Indian-American Republican presidential hopeful Bobby Jindal has blamed his party's lawmakers for getting badly outplayed in their efforts to sink President Barack Obama's nuclear deal with Iran.
The Capitol Hill Republicans got "conned" by Obama, he said in an interview Wednesday as the president scored a major victory by getting the necessary 34 votes to sustain his veto of a resolution of disapproval in the 100-member Senate.
"I think that the president got conned by the Iranians -- he then conned the Senate Republicans and turned it on its head so it only takes 34 votes to save this bad deal," Jindal told The Huffington Post in Denison, Iowa.
"My fundamental critique is that the Senate Republicans made a mistake," he added.
"They approved this bill," said the Louisiana governor who is polling near the bottom of the polls among the crowded field of 17 Republicans in the 2016 presidential race
Jindal argued that congressional Republicans ensured the deal's passage by setting up a vote of disapproval, which was unlikely to get the two-thirds majority necessary to override an inevitable presidential veto.
The Republicans should have tried "harder" for a vote of approval rather than disapproval when the Congress in May overwhelmingly passed a bill that gave lawmakers a 60-day review period to consider any deal.

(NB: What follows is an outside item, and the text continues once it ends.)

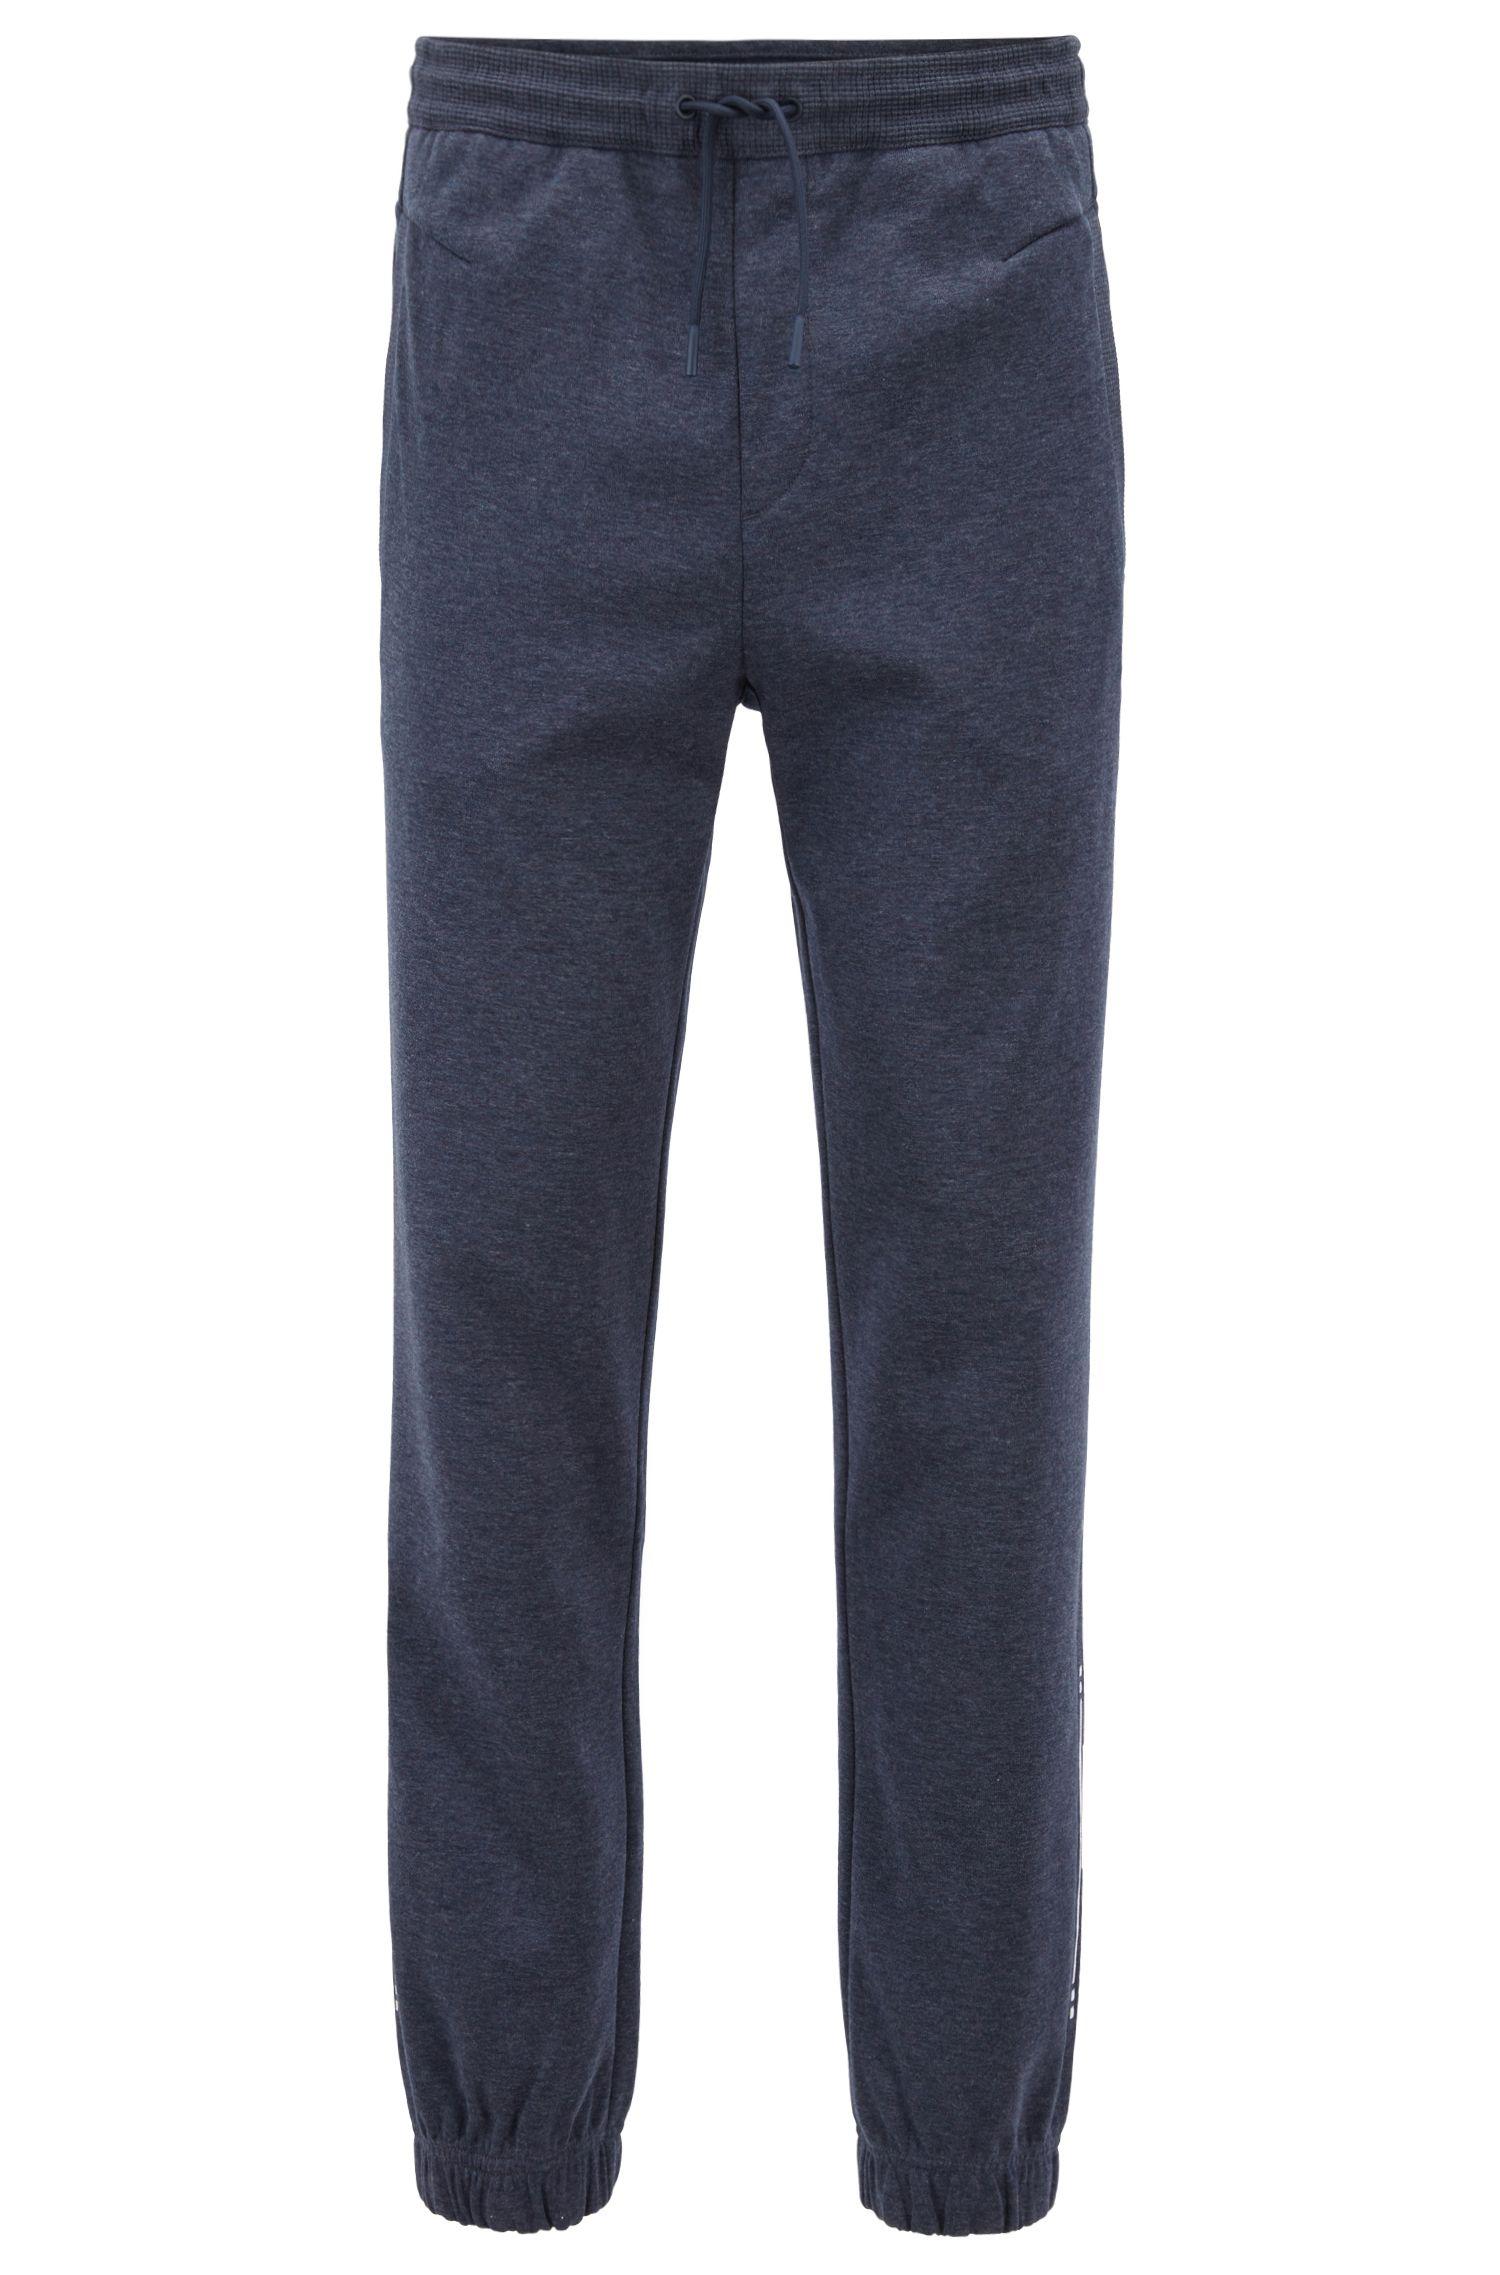 Slim-fit joggingbroek met boorden en geborduurde streep, Donkerblauw

Jindal, according to HuffPost, didn't acknowledge the necessity of a trade-off that gave Congress a say in the deal in suggesting Republicans should have tried harder.
"I think they gotta go home and say they passed a bill, they've got to go home and take political credit.
"But it really isn't stopping a bad deal. This was predictable when they voted on the bill. They should have stood up and fought back then," he said.
Jindal also criticised presidential contenders in the senate for supporting the bill, specifically naming Senator Ted Cruz.
"None of the Senate Republicans running for president, including Senator Cruz, stood up and voted against this bad bill," he said, "and I think they put us in this bad position."
Jindal dismissed Cruz's argument made in May that the bill ensured "a Congressional debate on the merits of the Iran deal".
Republicans have shown a pattern of "giving up before they fight", he said.
"What's the point of having a majority if they're not going to fight for our principles?" Jindal said. "I'm angrier with the Republicans. At least the Democrats are honest."